▸ Material for this task:
-- -- --

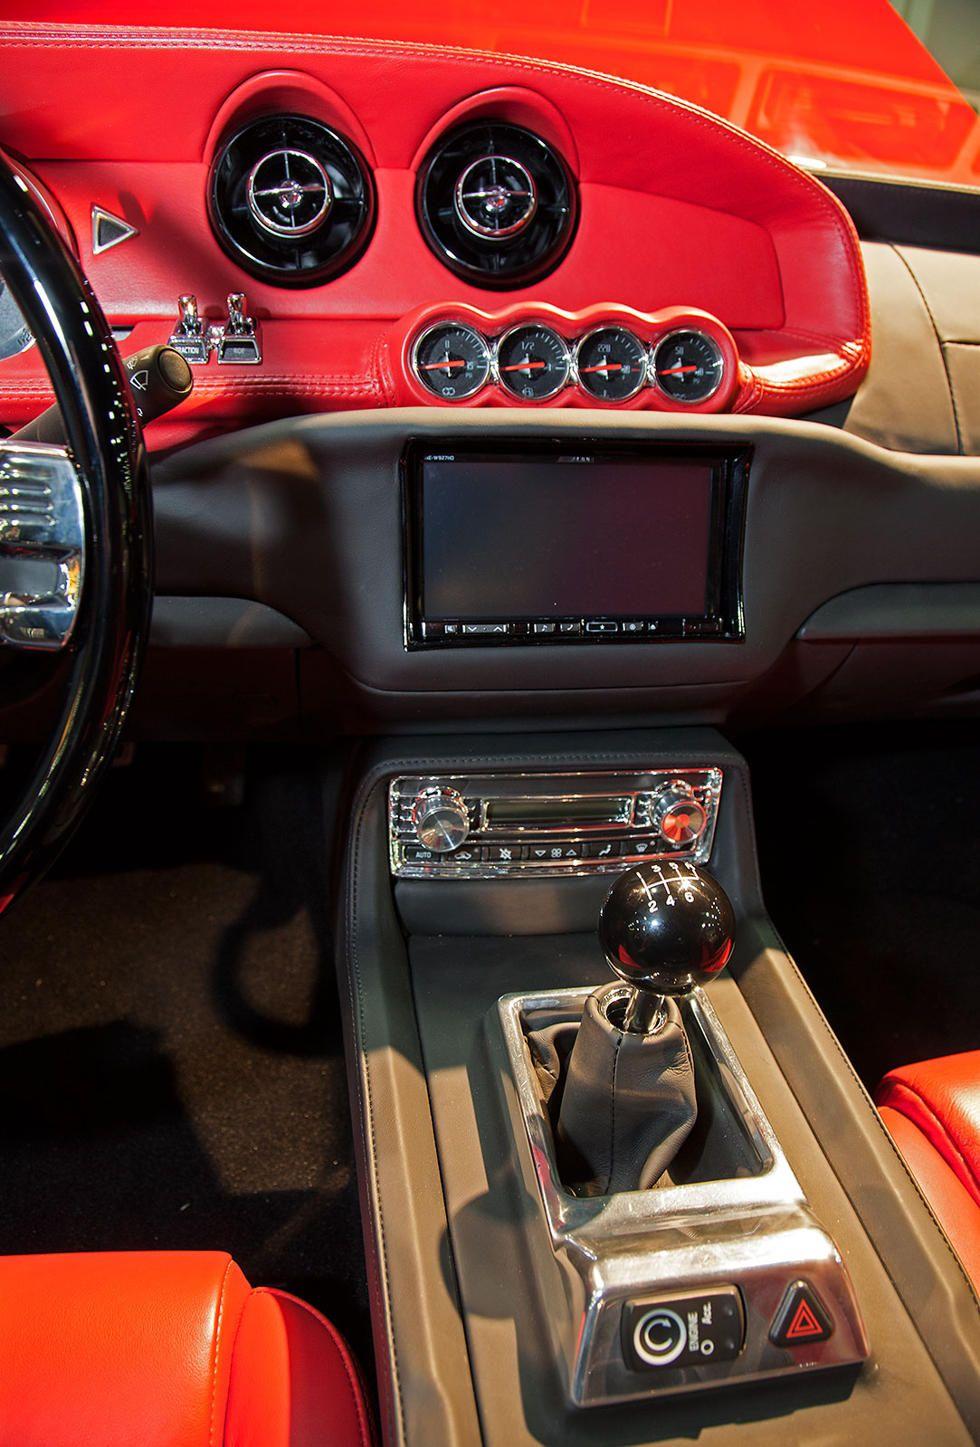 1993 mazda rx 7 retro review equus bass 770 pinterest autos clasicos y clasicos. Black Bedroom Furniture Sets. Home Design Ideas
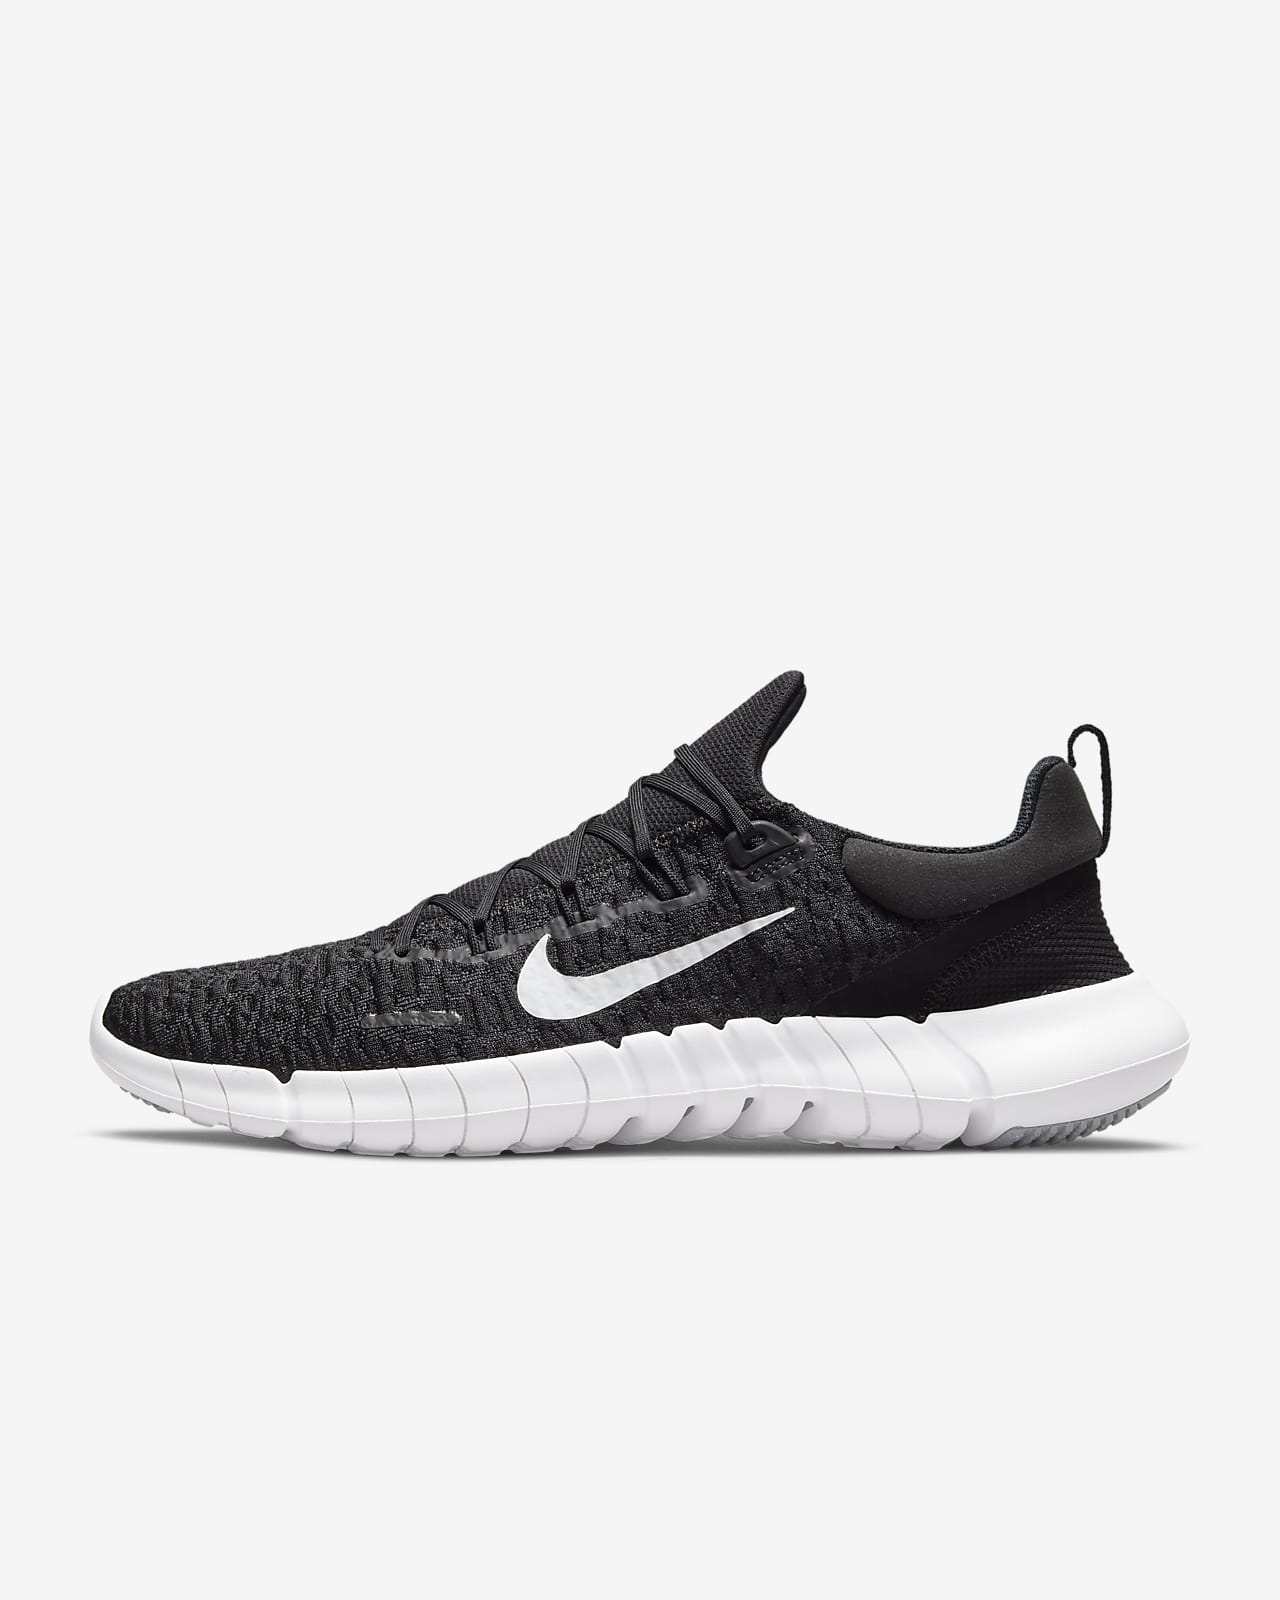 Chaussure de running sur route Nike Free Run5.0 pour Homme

-- -- --

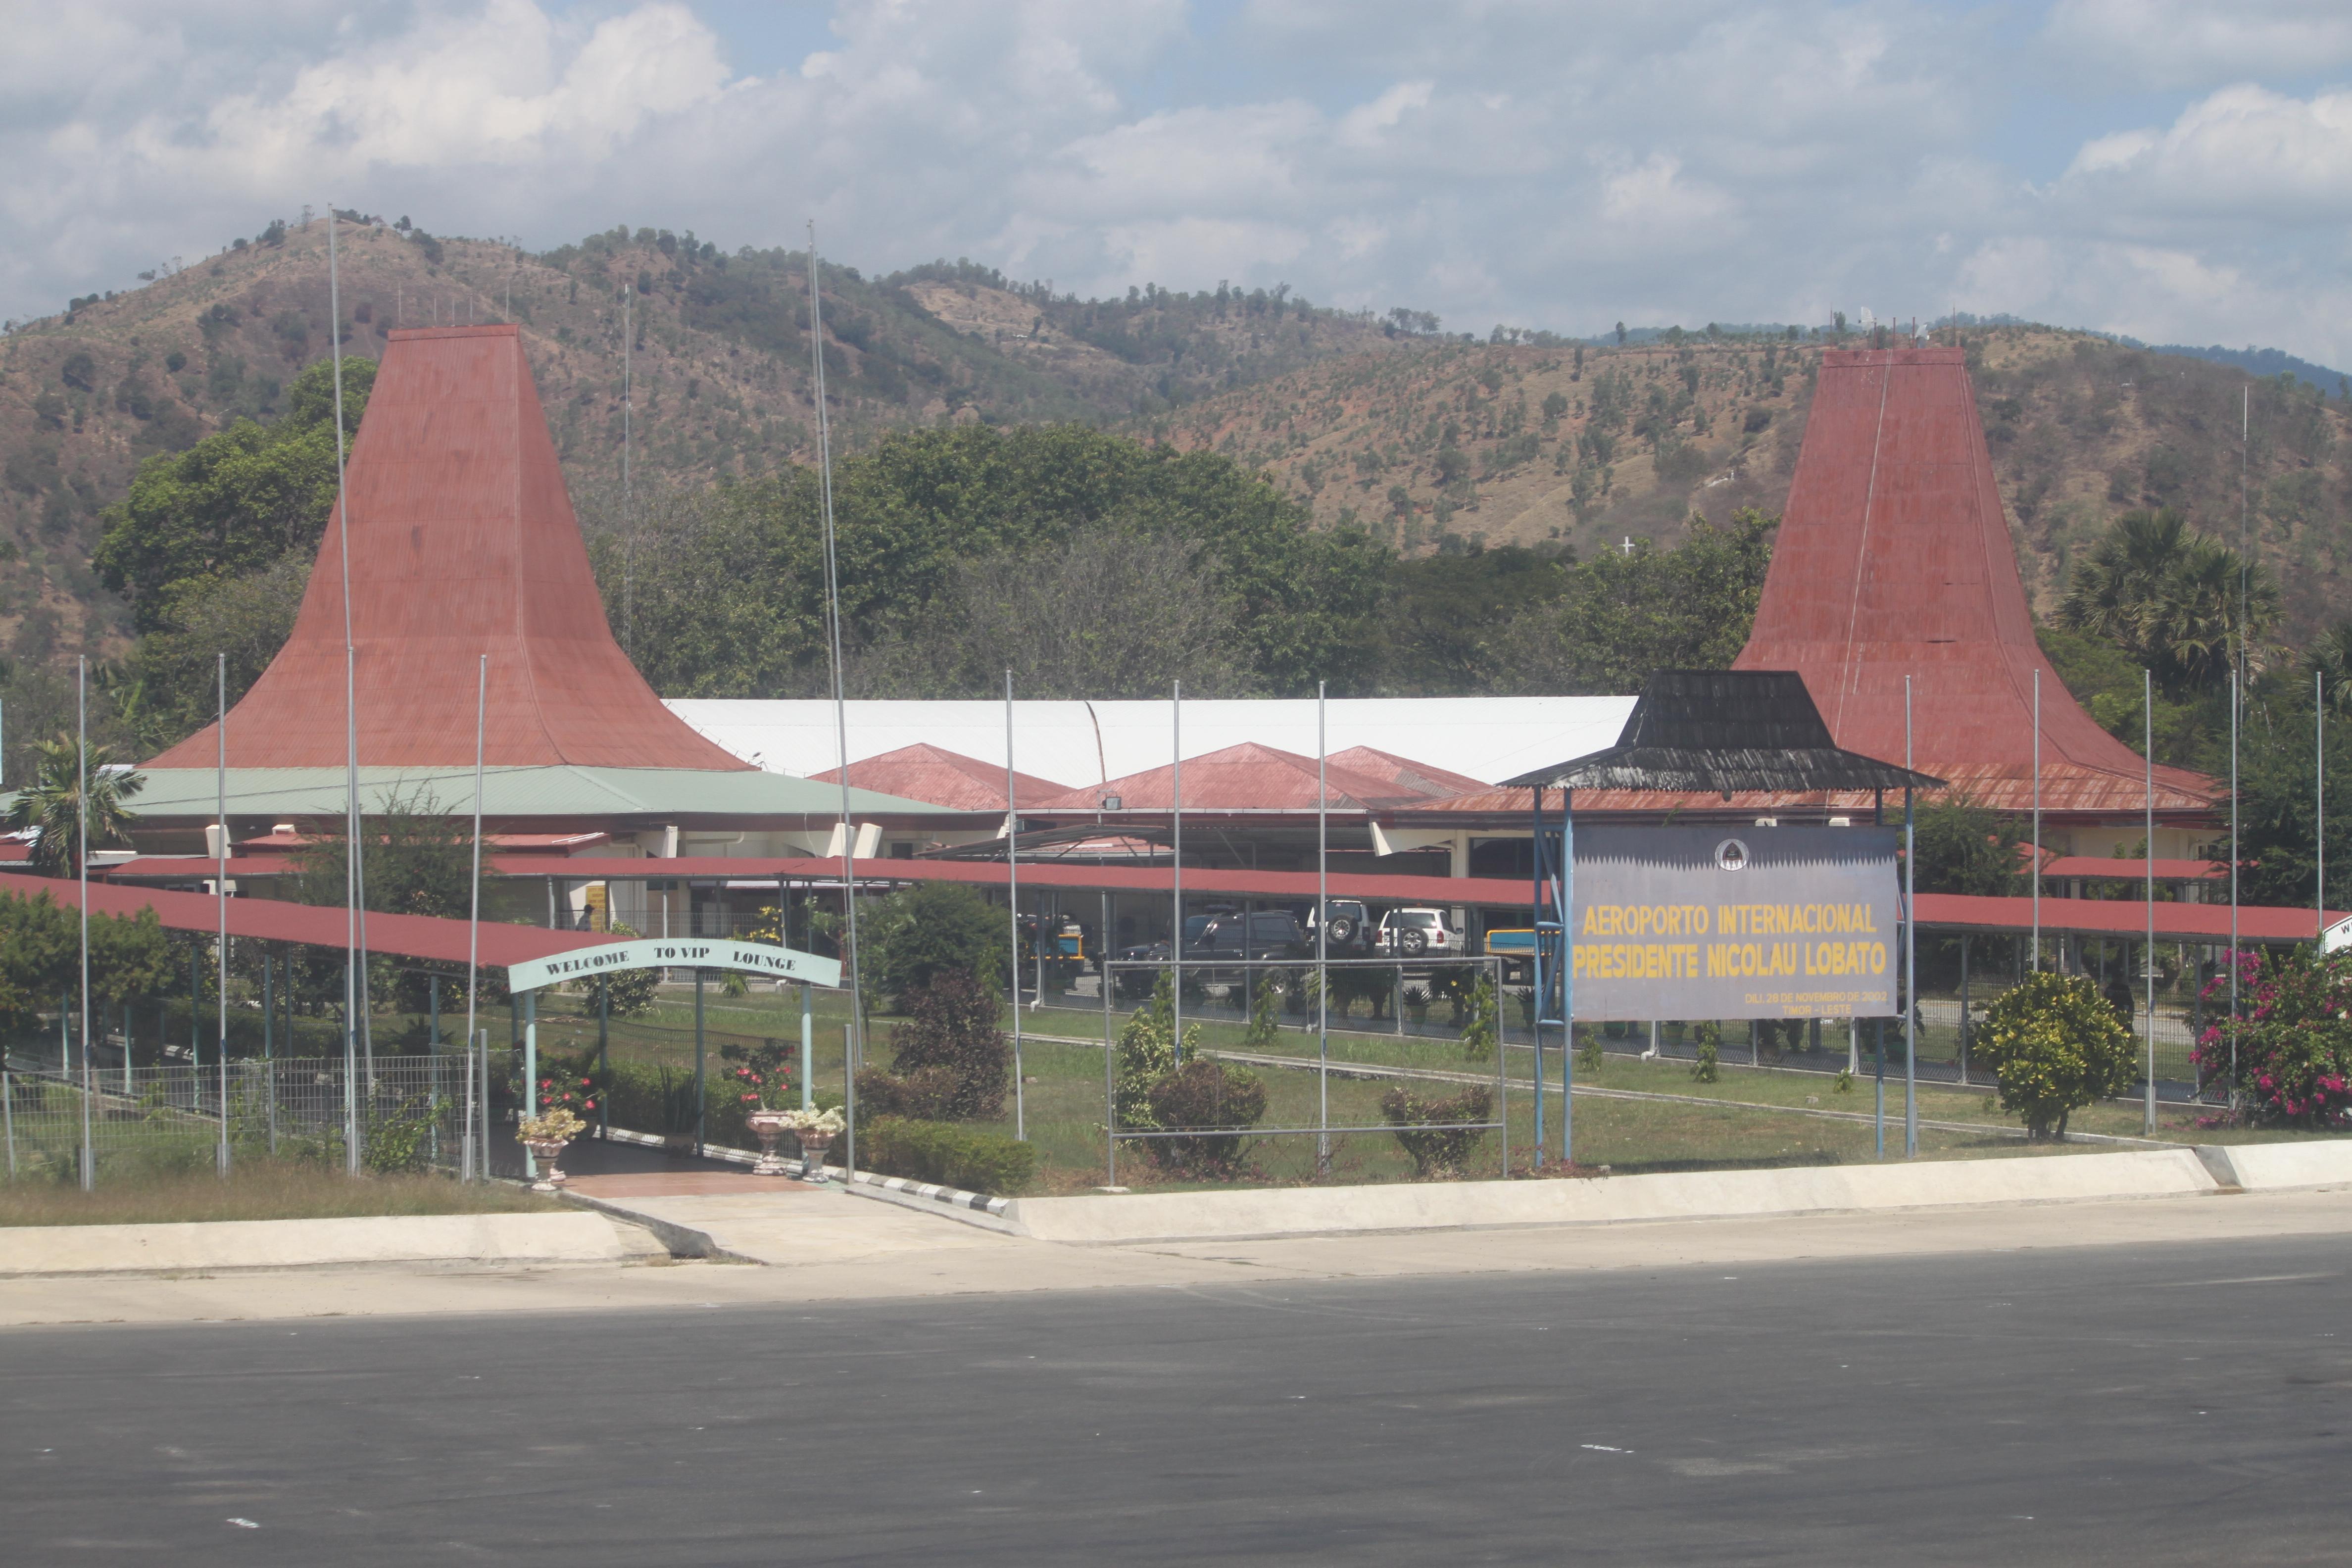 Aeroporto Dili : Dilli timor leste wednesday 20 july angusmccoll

-- -- --

Go back to the listing above and write out the lines starting at the one with "1993 mazda rx" and ending at the one with "Chaussure de running", inclusive, exactly and without pictures.

 1993 mazda rx 7 retro review equus bass 770 pinterest autos clasicos y clasicos. Black Bedroom Furniture Sets. Home Design Ideas
 Chaussure de running sur route Nike Free Run5.0 pour Homme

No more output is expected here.